Удивительно, из каких мелочей складываются повороты истории. Или не мелочей?

— Да, — говорю твёрдо, — сегодня — день сюрпризов.

Веселясь и дурачась, прошли метров сто по тёплым плитам набережной, и я направил нас вниз, к реке, по истертому гранитному спуску. Фонтанка лениво полизывала язычками мелких волн последнюю ступень, на фоне неглубокого песчаного дна бликовало серебро пробирающихся вверх по течению толи уклеек, толи колюшек.

Я притянул Томино запястье, взглянул на часики и нахмурился.
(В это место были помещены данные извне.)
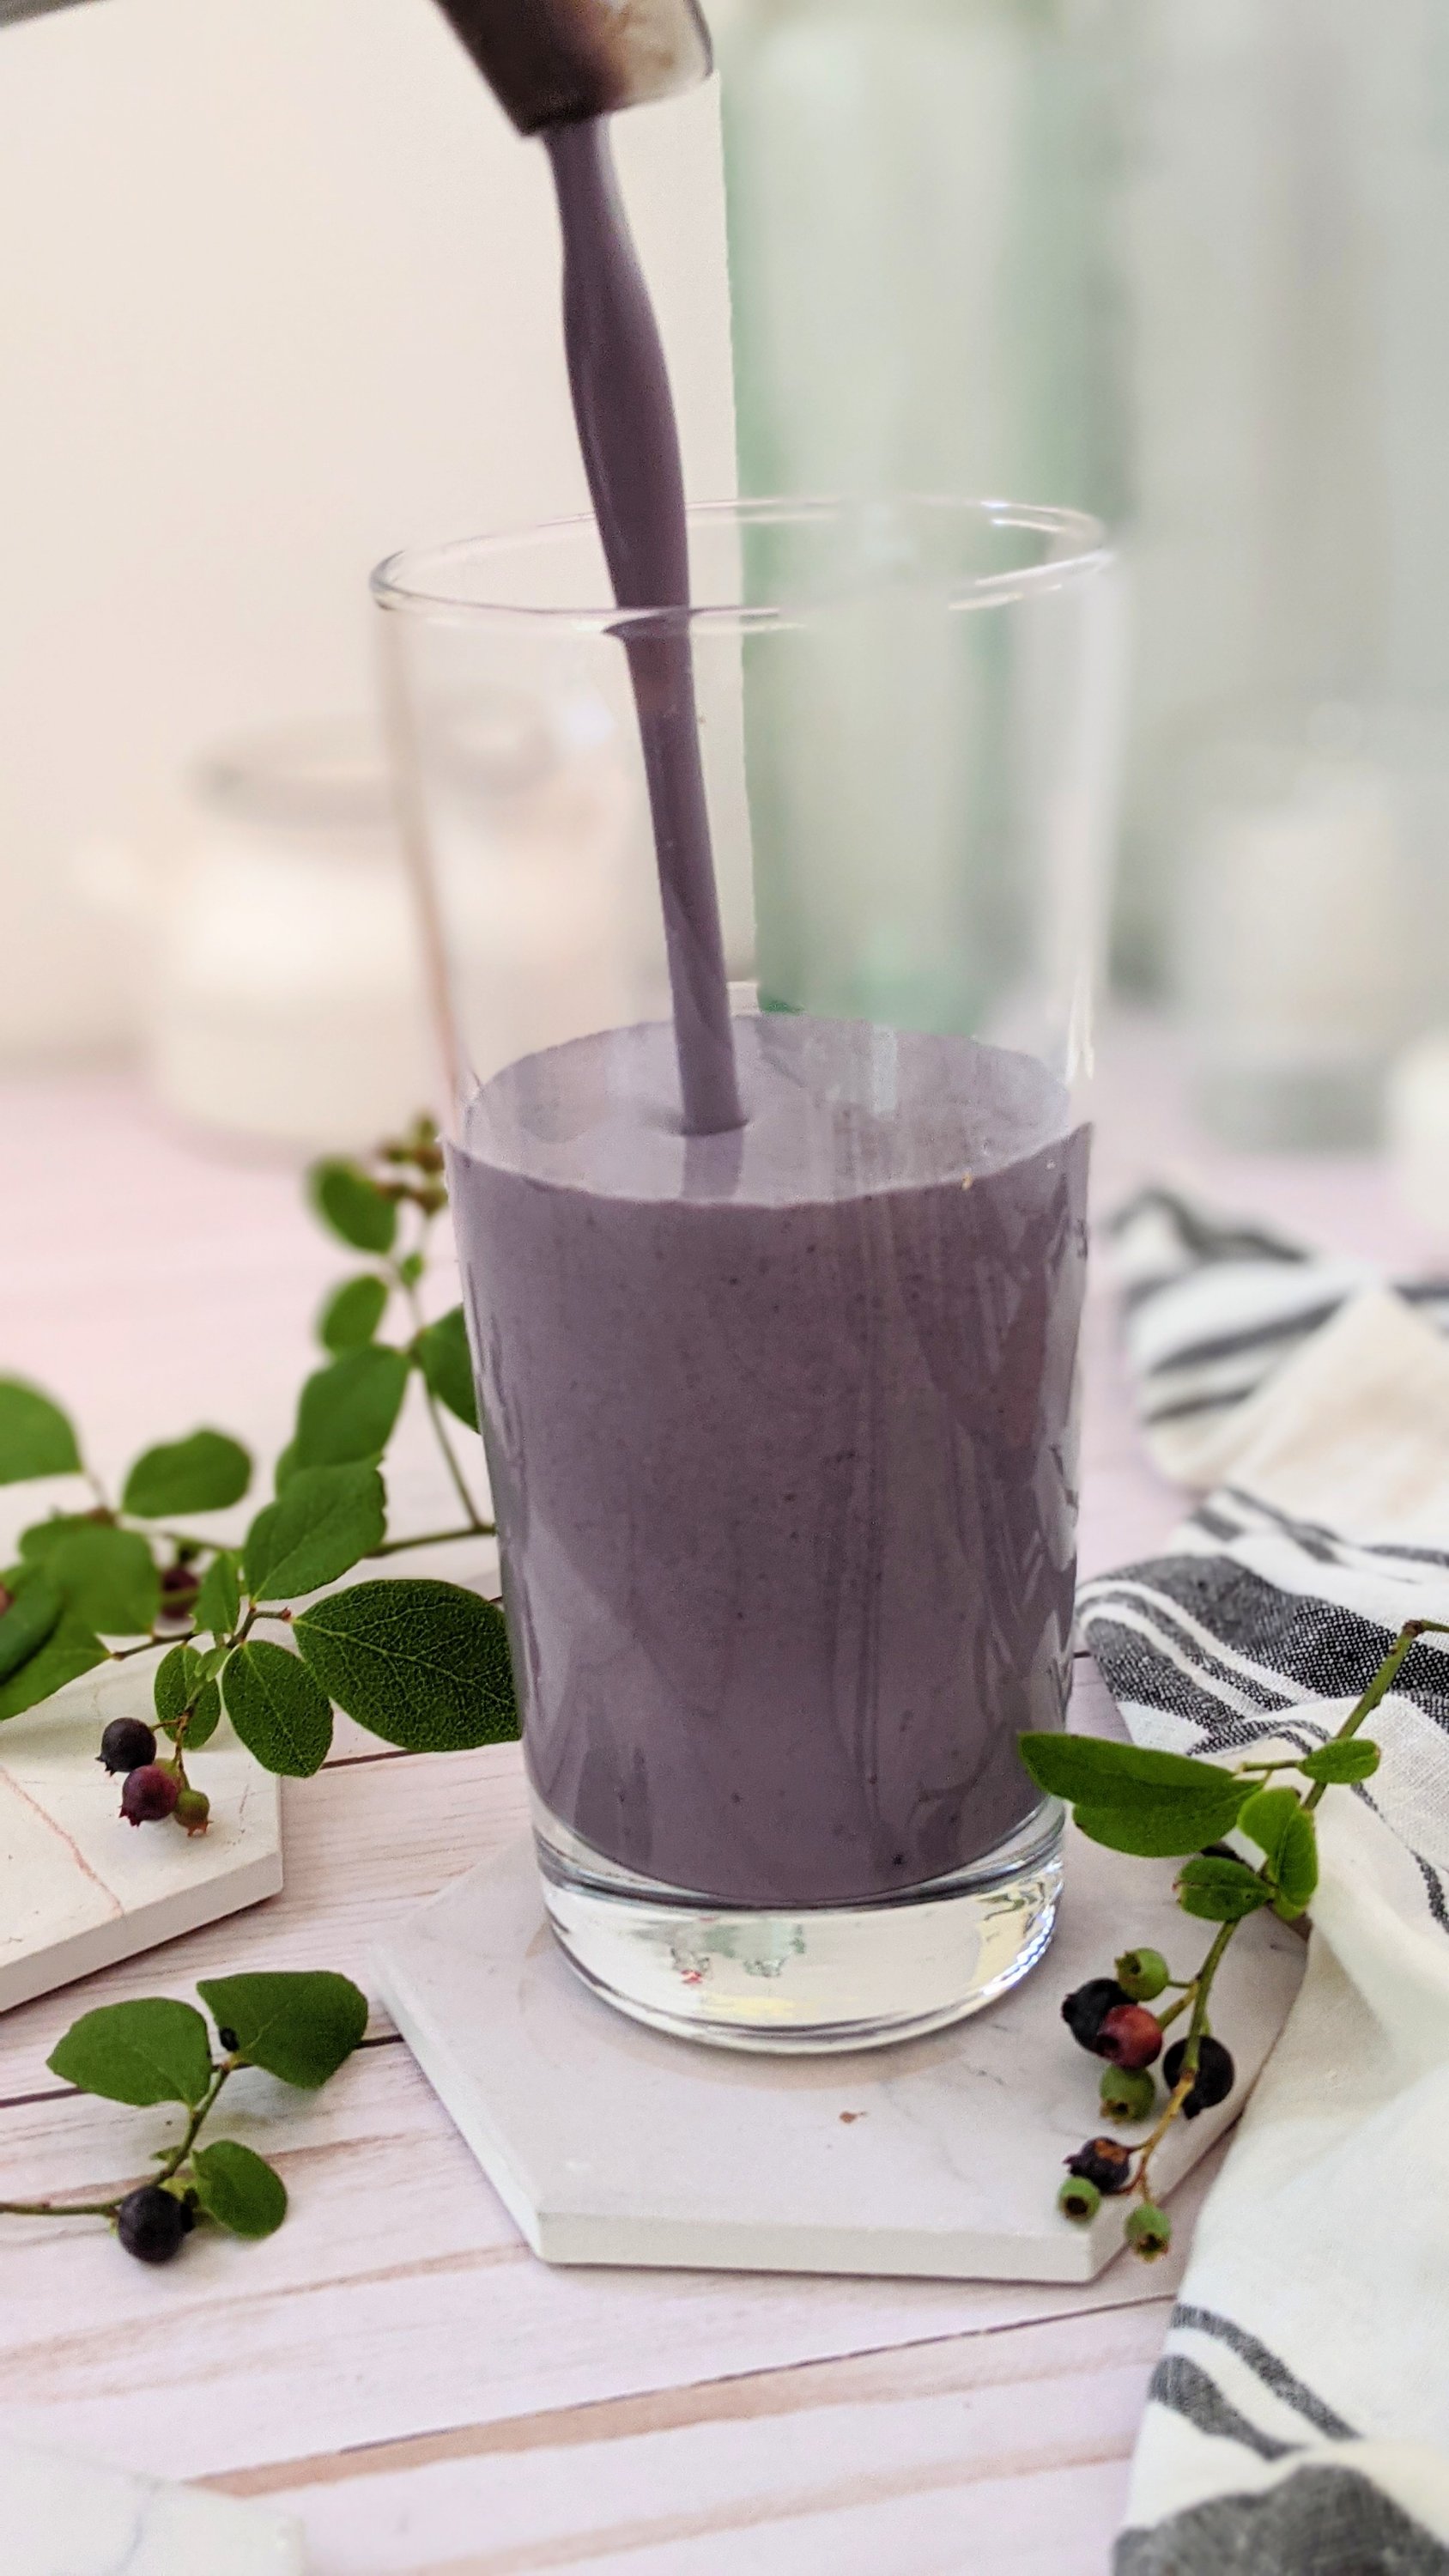 frozen blueberry smoothie with chocolate recipe vegan gluten free plant based berry chocolate smoothies easy simple high protein vegan smoothies with frozen blueberries and chocolate protein vegan powder
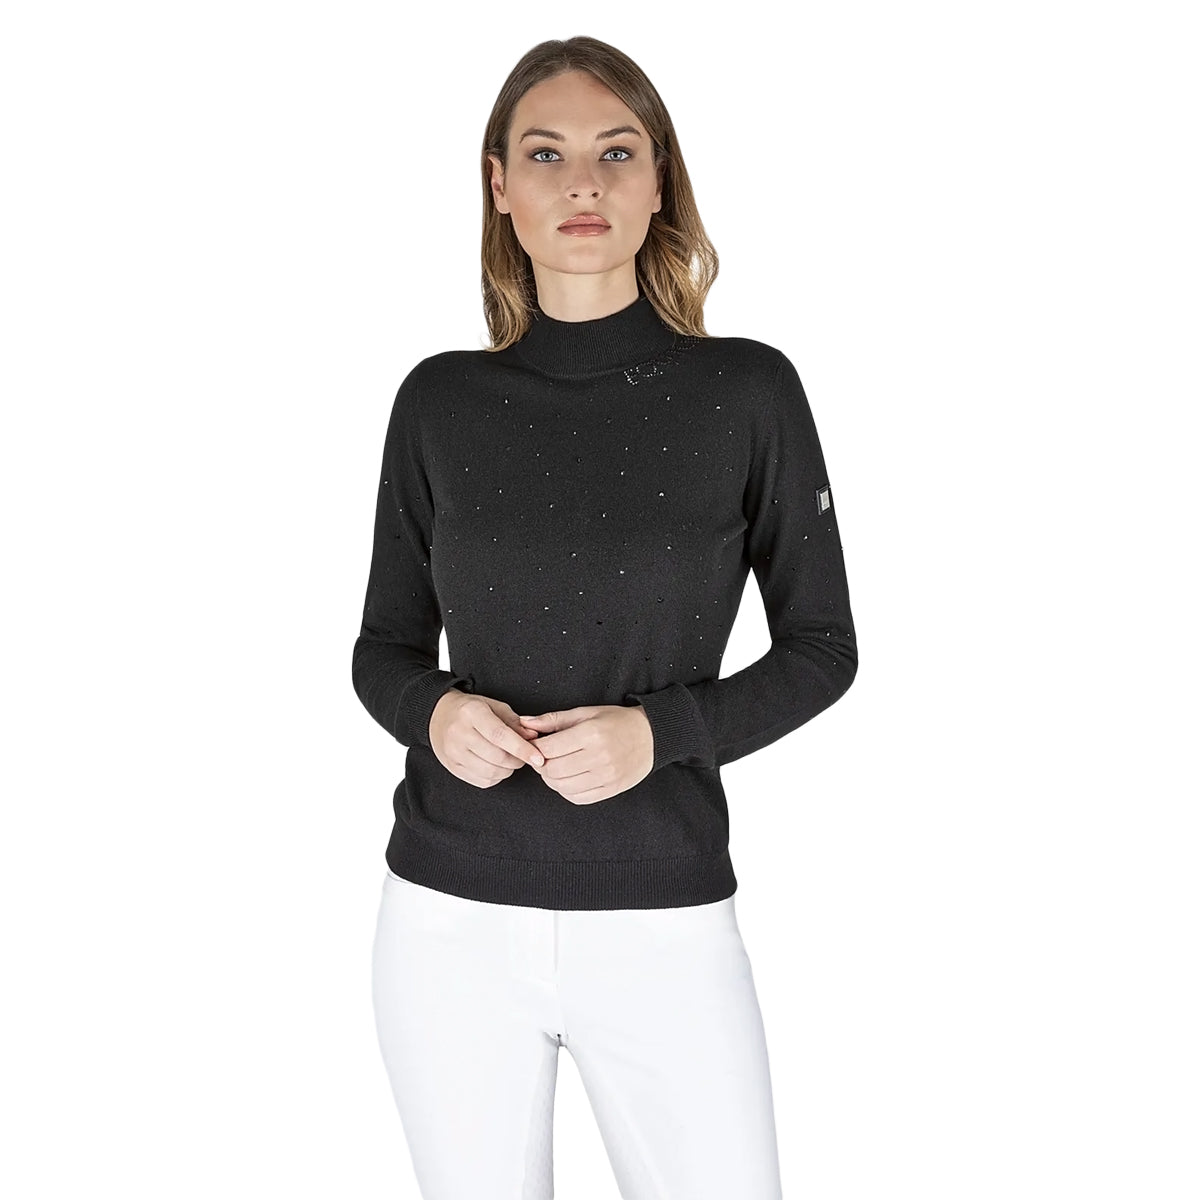 Equiline Women's Grueleg Blinged Out Knit Sweater

«Опаздывает… надеюсь. А, нет, вон он», — выдохнул с радостным облегчением и с предвкушением заулыбался, глядя на торопливо выкатывающий из-под моста знакомый катерок. Небрежно предложил:

— Как насчет прокатиться по каналам?

Тома округлила глаза:

— На чём?

— Уверен, такой красивой девушке никто не посмеет отказать. Помаши катеру рукой.

Тома неуверенно взмахнула, и посудина, чуть довернув, запыхтела в нашу сторону и начала притираться к спуску.

— Что, молодежь, садись, — пробасил краснолицый Степаныч, чей энтузиазм был вчера удобрен червонцем и моим обещанием дать ещё один по завершению прогулки.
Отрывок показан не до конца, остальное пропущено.